Hildegard Knef begann ihre Schauspielausbildung 1943, bereits 1944 hatte sie erste Auftritte in Helmut Käutners Film »Unter den Brücken« und in Erich Engels »Fahrt ins Glück« - beide Filme hatten ihre Premiere erst nach dem Kriegsende. Erst mit »Die Mörder sind unter uns« (3sat, heute, 14.30 Uhr) feiert die Knef ihren internationalen Durchbruch. In der Rolle des entlassenen KZ-Sträflings Susanne sorgte sie für Aufsehen: Mit ihrem flächigen, ungeschminkten Gesicht, ihrer Beweglichkeit und ihrer verzögerten Sprechweise unterschied sie sich von den alten Stars der Ufa. Schnell avancierte sie zur Repräsentantin eines neuen Deutschlands. Der Ruf ging bis in die USA.

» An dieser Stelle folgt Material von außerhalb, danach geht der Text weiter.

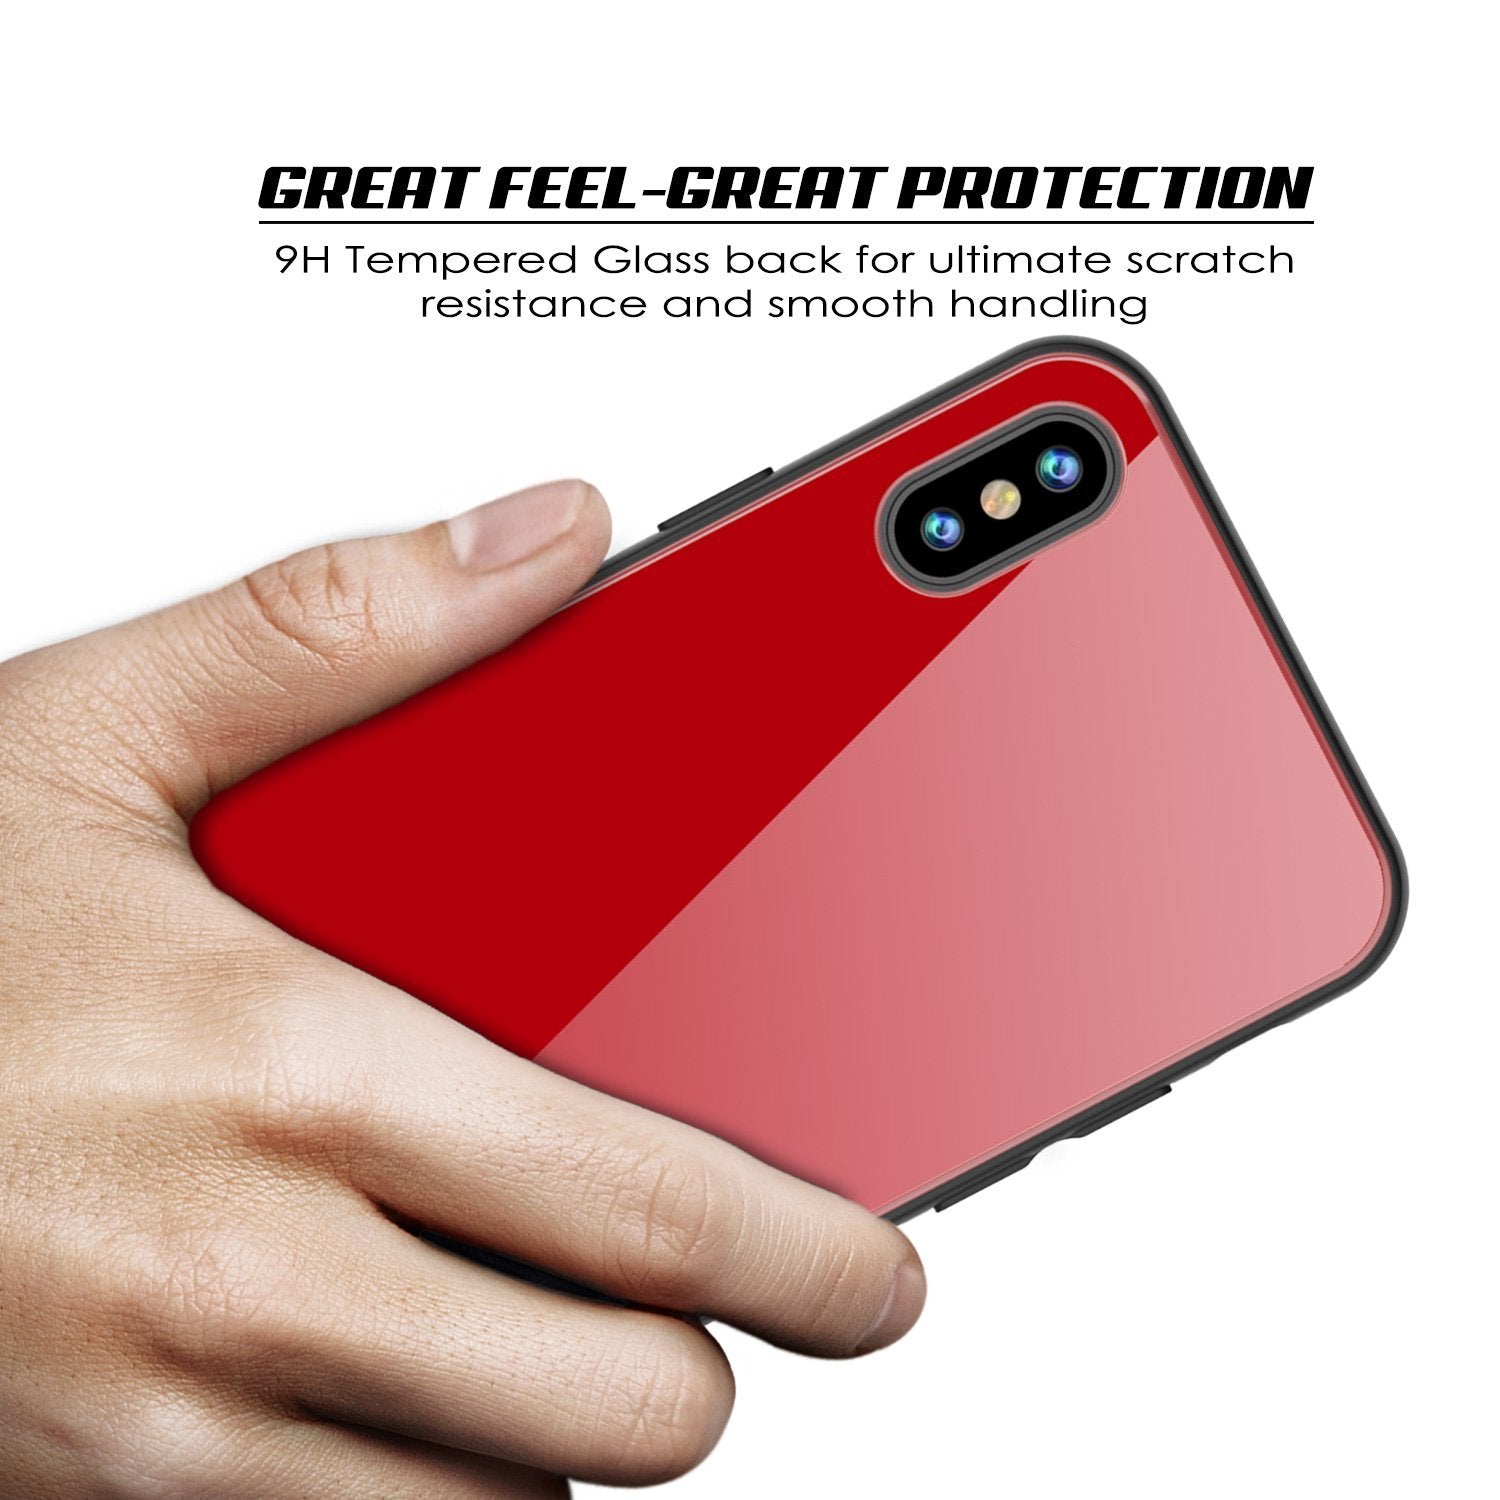 iPhone 8 Case, Punkcase GlassShield Ultra Thin Protective 9H Full Body Tempered Glass Cover W/ Drop Protection & Non Slip Grip for Apple iPhone 7 / Apple iPhone 8 (Red)

Und dann der unvergessene Skandal: Im Spielfilm »Die Sünderin« von Willi Forst (3sat, Donnerstag, 14.05 Uhr) zeigte sie sich in ihrer Rolle als Hure für einen kurzen Augenblick hüllenlos. Durch diesen Auftritt als Aktmodell und die Thematisierung der Tabus Prostitution und Freitod wurde der Film im prüden Nachkriegsdeutschland mit Demonstrationen und Klageverfahren zum Skandal. Zugleich war das Werk ein ungeheurer Kassenerfolg.
Viele Filme folgten, sowohl in den USA als auch in Deutschland, mit den besten Regisseuren und international anerkennten Kollegen.
1963 begann Hildegard Knef mit großem Erfolg eine zweite Karriere als Chansonsängerin, deren rauchiges Timbre »die Knef« unverwechselbar machte. Ihre Schallplatten mit zum Teil eigenen Chansons erzielten Millionenumsätze, und ihre Tourneen waren bis weit in die 80er Jahre hinein ausverkauft.
Ein sensationelles Debüt feierte die Frau, für die es später »rote Rosen regnen« sollte, 1970 auch als Schriftstellerin mit ihrer Biographie »Der geschenkte Gaul«, der eine Milionenauflage erreichte. Weitere Titel folgten. Und immer wieder spielte sie in Filmen mit, die Liste ist lang. Im Herbst 1989 kehrte Knef von Hollywood nach Deutschland und ins Fernsehen zurück. ARD, ZDF, WDR und RTL, die Sender rissen sich um sie.
Die unermüdliche Künstlerin erlag am 1. Februar 2002 im Alter von 76 Jahren in einem Berliner Krankenhaus ihrer schweren Lungenkrankheit. Sie war in erster Ehe mit dem amerikanischen Filmoffizier Kurt Hirsch verheiratet, in zweiter mit dem englischen Schauspieler und Regisseur David Cameron. Im Juni 1977 heiratete sie Paul von Sell, der sie bis an ihr Lebensende begleitete.
Das Filmmuseum Berlin würdigt, wie berichtet, Hildegard Knef noch bis zum 17. April 2006 mit einer Sonderausstellung. Unveröffentlichte Fotos, Show-Kleider, Mode-Entewürfe berühmter Designer, Briefe und weitere Exponate aus dem Nachlass der Künstlerin dokumentieren die Stationen einer Karriere, die eng mit der bundesdeutschen Kulturgeschichte verknüpft war.